Jean-Paul Ventura
To what extent to different health factors have an effect on observed life expectancy worldwide?
This investigation was undertaken to explore the dependence of life expectancy measured for years between 2000 and 2015. on several immunological, mortality, economic and social factors in order to inform prescriptive measures of public and global health.
1.) Data: The data-set containts information on life expectancy and other factors for 193 countries has been prepared from the WHO data repository website with corresponding economic data sourced from United Nations data.
2.) Data Cleaning process and Preliminary Data Exploration notebook: 'prelim_data_exploration.ipynb'
3.) Final notebook: 'GlobalHealthOutcomes_final.ipynb' compilation of results.
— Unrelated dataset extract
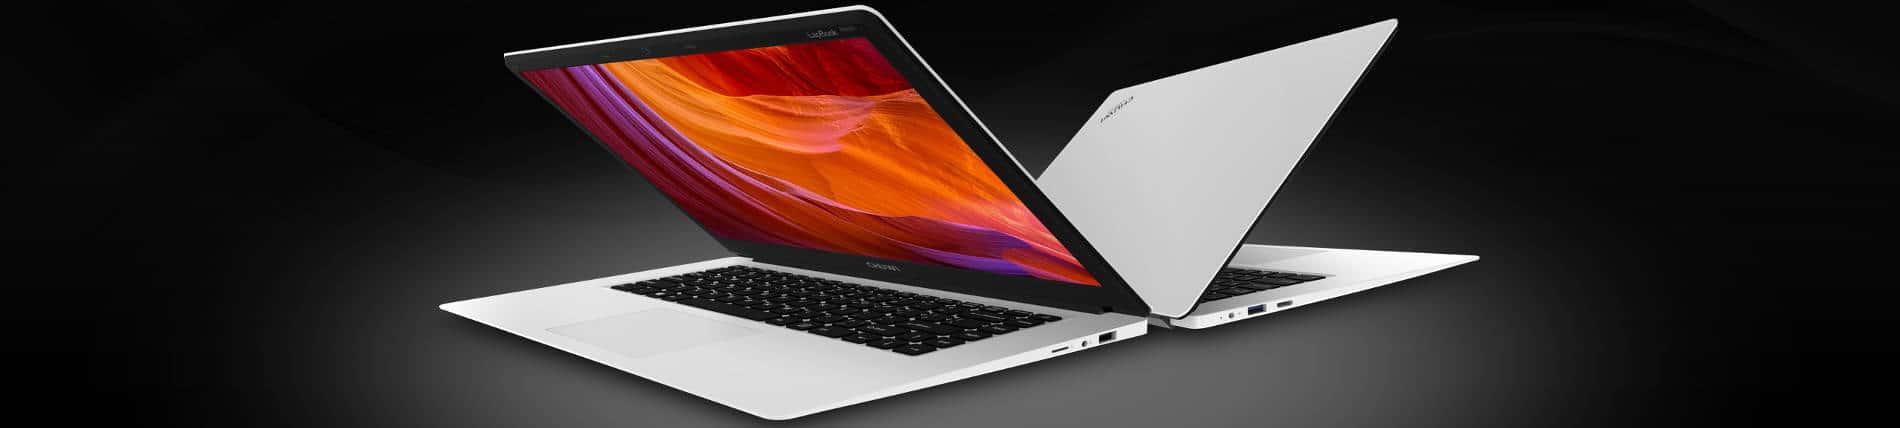 Chuwi LapBook en test sur avis-express
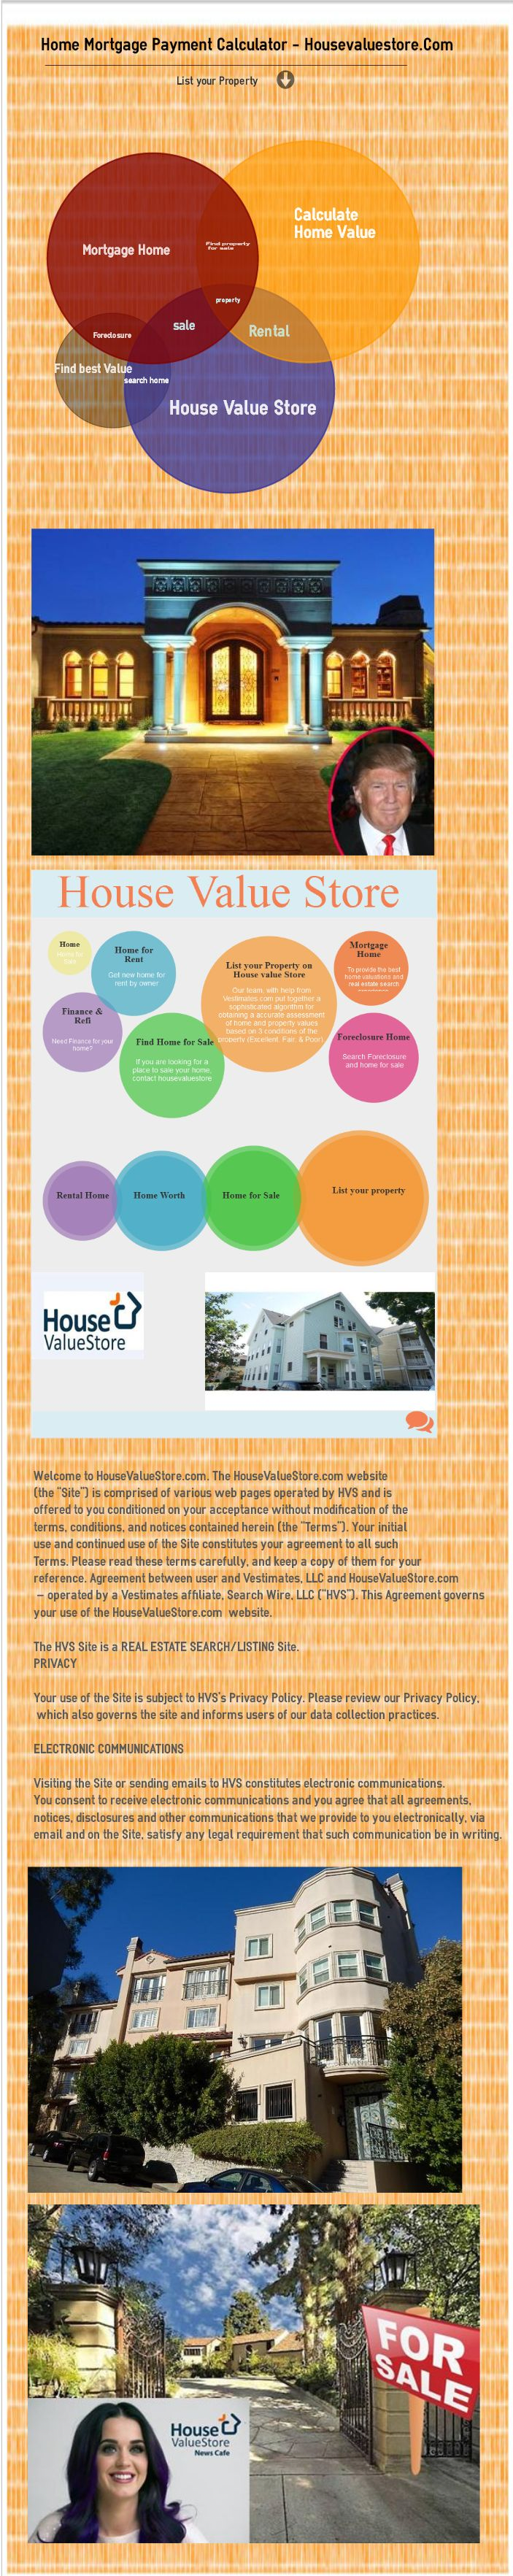 9 best HVS Infograph images on Pinterest

This project was undertaken following the Cross-Industry Standard Process for Data Mining (CRISP-DM) methodology to establish data and case understanding. Recursive methodologies were employed, including developing statistical insights and measures in order to produce a more appropriate dataset for multiple linear regression modeling.
These methods included:
- Estimating outliers using the Tukey statistical method
- Handling outliers via the winsorization technique.
- Inspecting the pearson correlation among explanatory variables themselves, between those variables and the target: life expectancy.
-
- feature selection based on high correlation coefficients
-
- feature engineering of categorical variable.